PROVIDED DATA:
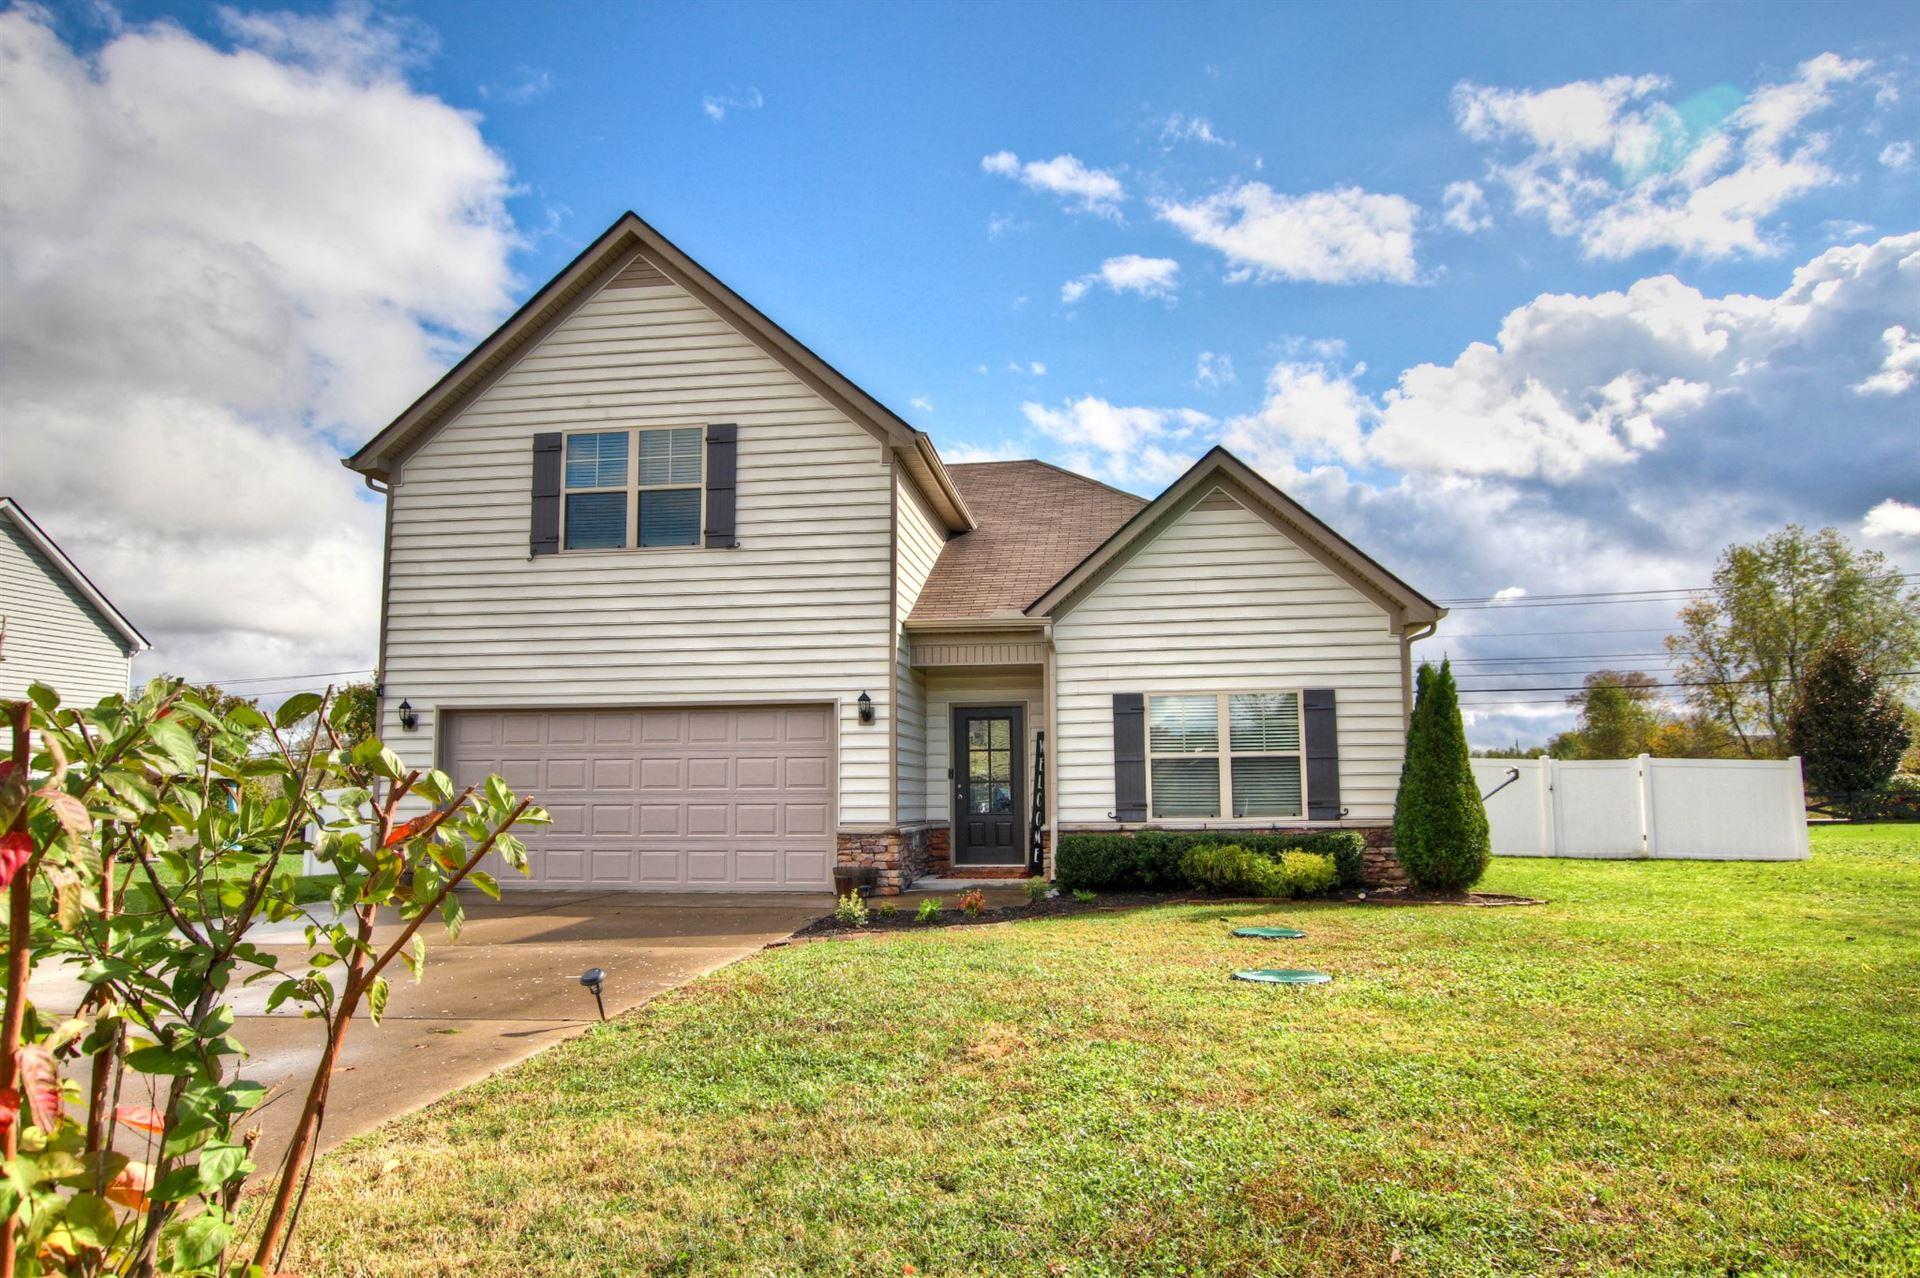 604 Creekbend Ln, Murfreesboro, TN 37129 - MLS#: 2202635
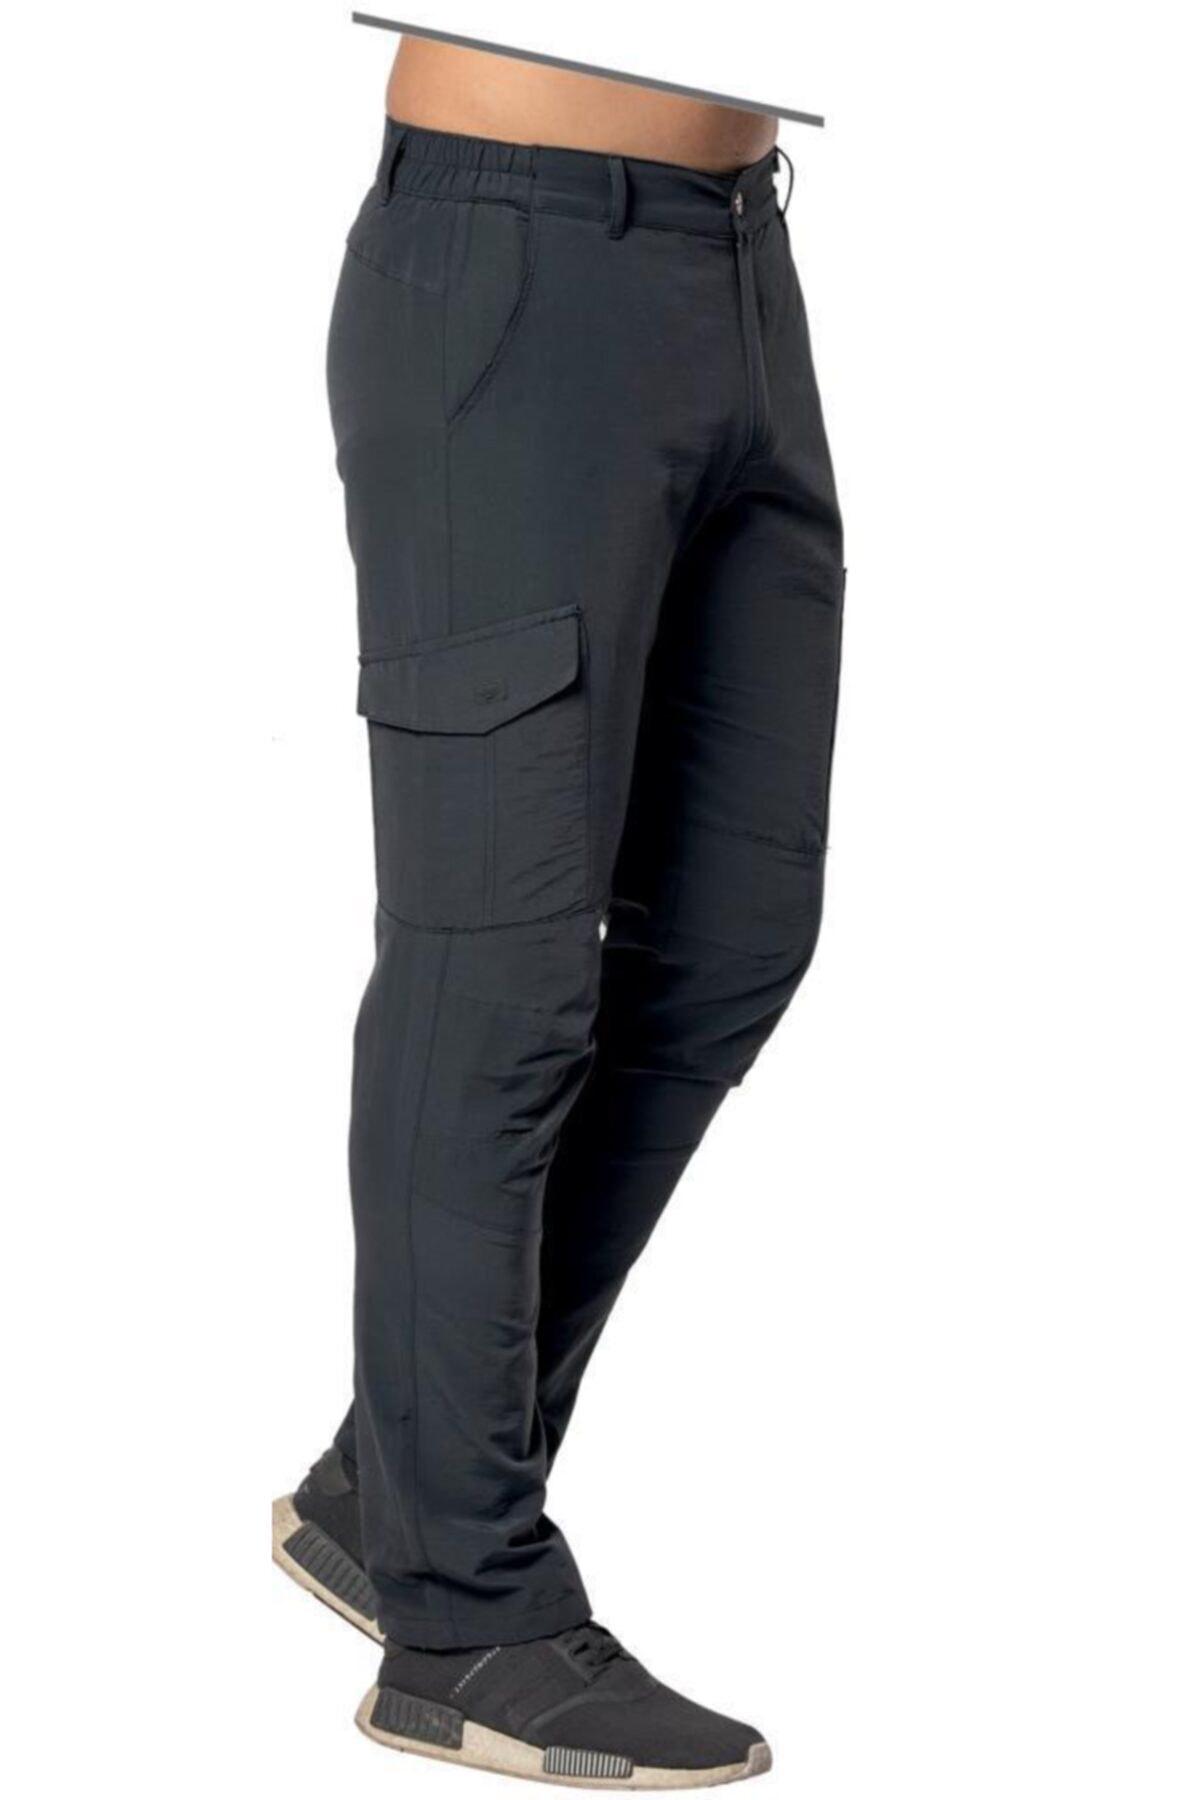 Crozwise Outdoor Erkek Pantolon Yeni Sezon Yazlık Pantolon 2
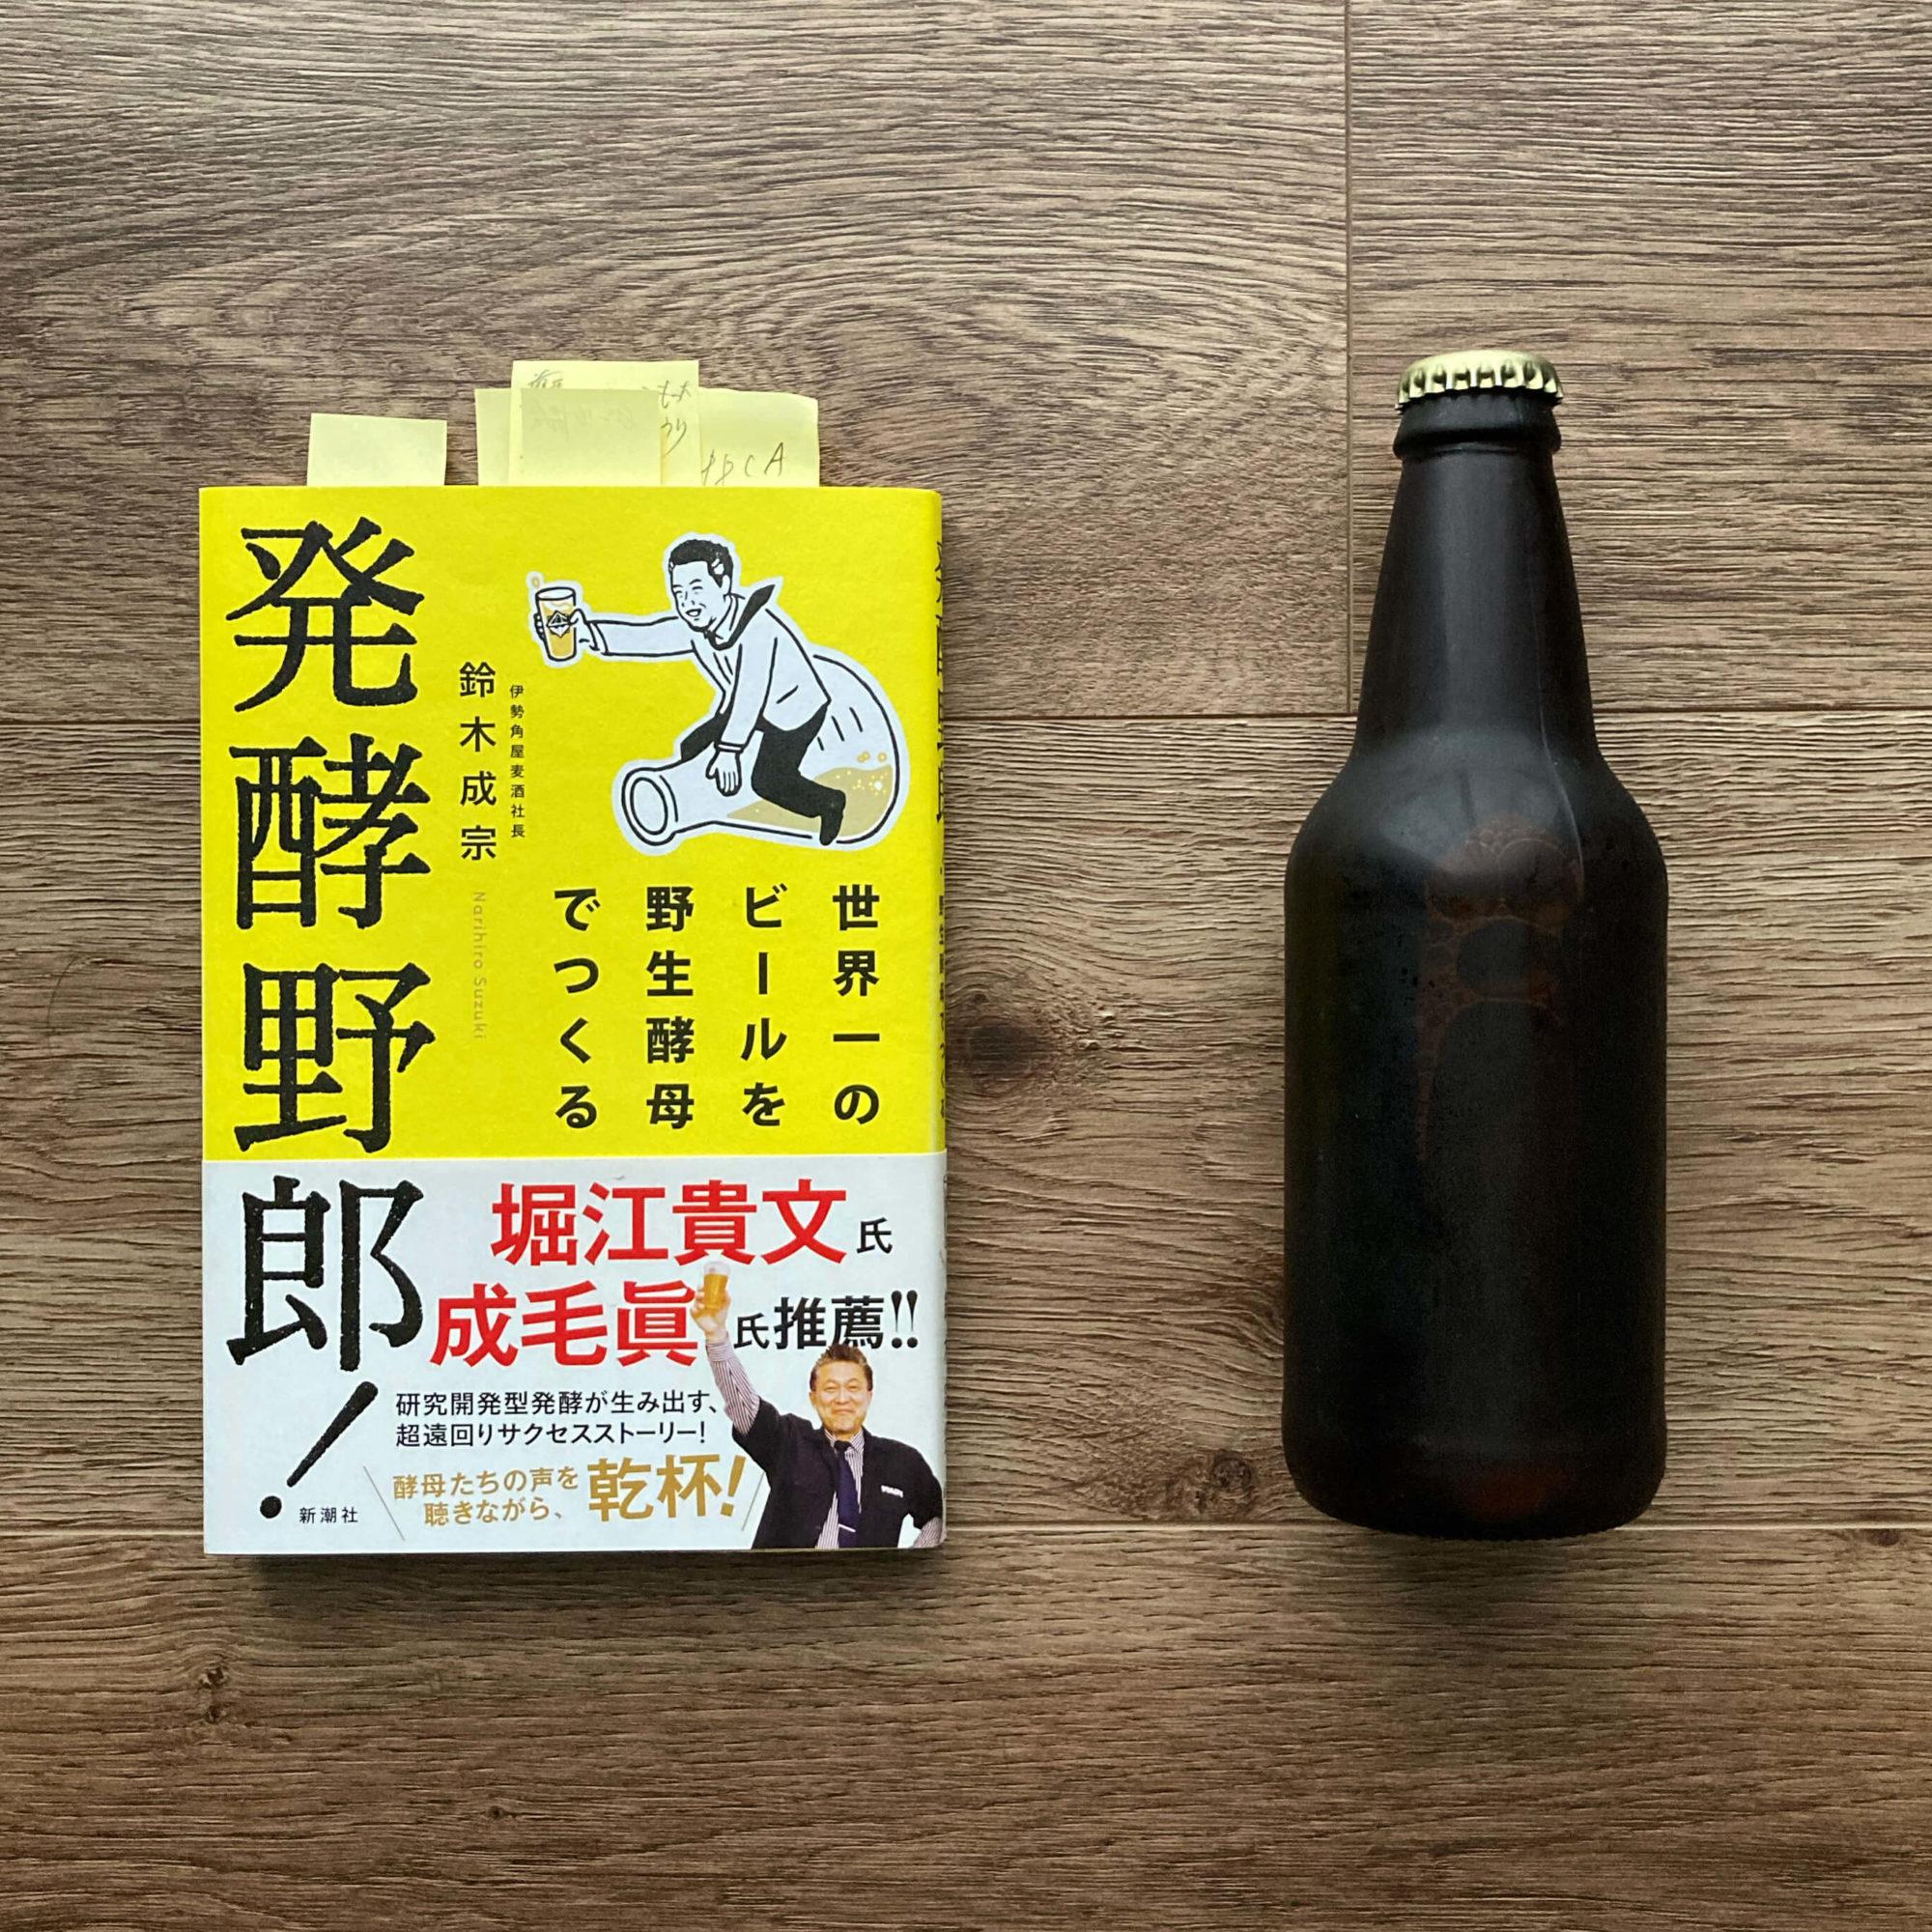 発酵野郎!という書籍の写真

WHAT IS REQUIRED: Every line of the listing is to be repeated exactly, and the pictures are to be dropped.

OUTPUT FOR THIS TASK:
 604 Creekbend Ln, Murfreesboro, TN 37129 - MLS#: 2202635
 Crozwise Outdoor Erkek Pantolon Yeni Sezon Yazlık Pantolon 2
 発酵野郎!という書籍の写真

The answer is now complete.